Each place we went people embodied their place.  Lumsden was a disperse population seeking a commons; Helmsdale was the story of the Clearances reborn as cultural identity; Skye had a prehistoric lineage complete with dinosaur bones and sense of connectedness across islands of settlement; Inverness was about placemaking through artworks and events; and Huntly had accrued a connectedness to the world through a remarkable history of artists’ residence in this place.

While as a group of eight curators we traveled and talked among ourselves, when we arrived at each location, we were shown what those there wanted to show off, to be known by. Each stop was about that place’s particularities. Of course, that is what we do when we great a guest: we take them to the tourist places we otherwise never get to; we repeat the adages and defend where we are; we occupy our place to a heightened degree.  Then we had a discussion that the resident arts organization constructed on topics which, sequentially, were: collaboration + dialogue, community + place, travel + remoteness, the urban and rural, hospitality + visiting.

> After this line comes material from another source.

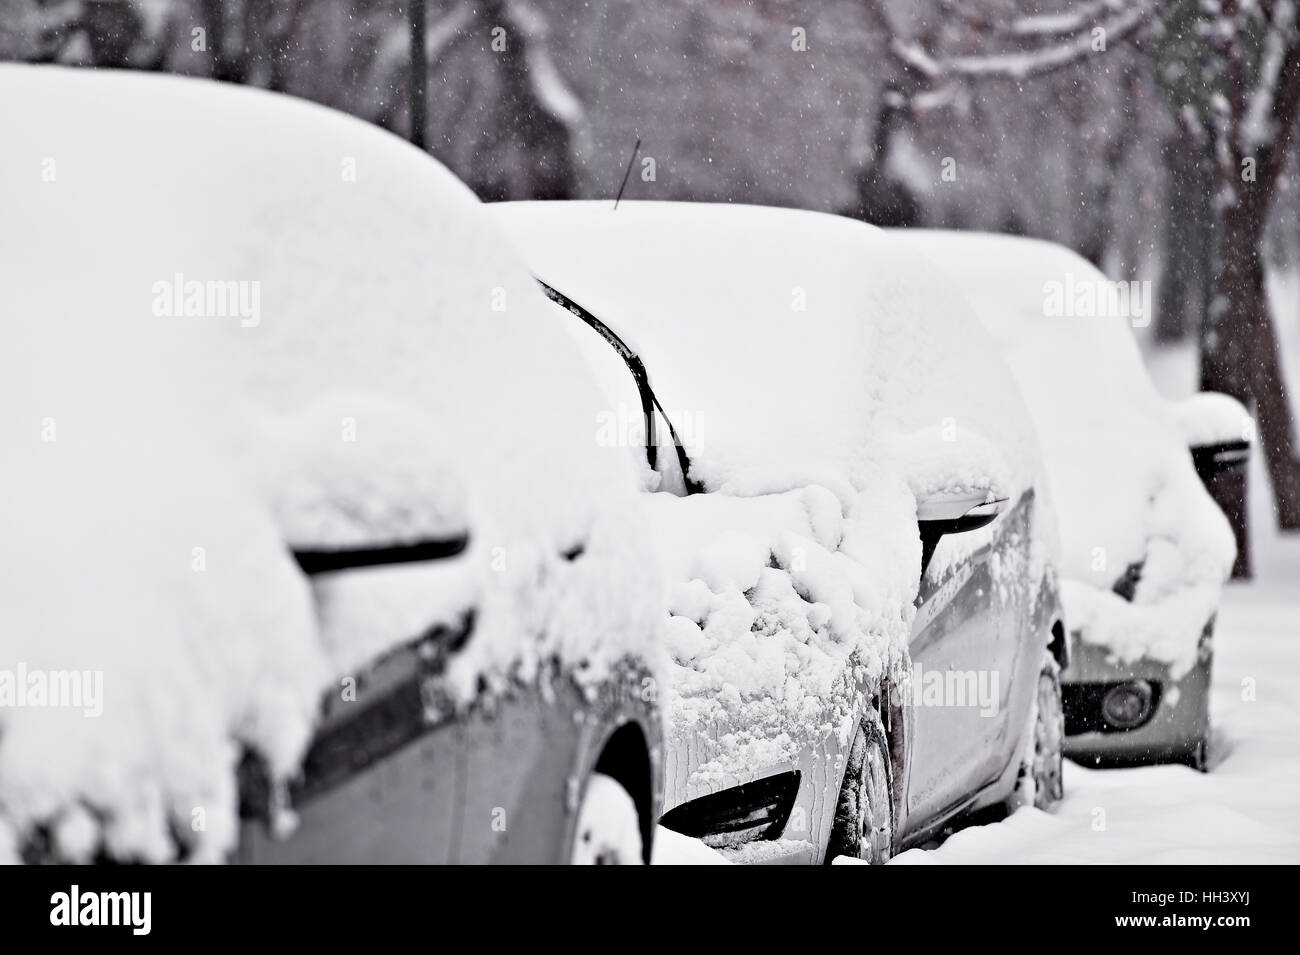 Scheibenwischer eines schneebedeckten Autos nach starkem Schneefall Stockfoto

Helmsdale, Huntly, Inverness, Skye. Photos: Jessica Cogan

Clockwise from top left: Helmsdale, Huntly, Skye, and Inverness. Photos: Jessica Cogan

This brings me back to that term Social Practice, which I like, but which I hope in using it we do not forget about community. “Community” is different than the wider and less specific “social.” It is a term I embraced launching “Culture in Action”. Community is people, and the people we visited loved their places. They weren’t looking to get out or escape them. In these small places there was a sense of sharing that place with others, even if not in regular communication. We observed gatherings in which all generations took part, and were astounded, even if by our experience class was more consistently middle. I can look out my window in Chicago and know there are thousands of people in view. I don’t know any of them, though I suppose on some level we are a community. In these small places, there seemed a consciousness of who community was, even if in these rural locations they were not in sight. Maybe most significantly, for us as visitors privy to locals’ discourses, we sensed a commitment to community, the wish to identify as a group and share some common goals by which these places can evolve and live into the future. This meant that in each of our discussions, they asked large questions of their small places. This is a Social Practice, but community is at the heart.

So I won’t advocate for a different term. Social Practice suits me just fine, and I think it can serve us in this field well. I’d just add a caveat: remember non-spectacular places along with the big cities, practioner-artists everywhere as well as the social stars, and the purpose of it all in individual lives as well as art history.

Street Farmer's Market

61st Street Farmer’s Market

 

One more note in closing this social practice blog series for badatsports: community just started anew here in Chicago with the season’s reopening of the 61st Street Farmers Market. It was born out of art as an open practice—Dan Peterman’s Experimental Station  that keeps evolving as a community of artists and citizens at an uncommon intersection. It has a lot to say to places in the Scottish Highlands…and elsewhere…and they to it. Together they are a big community.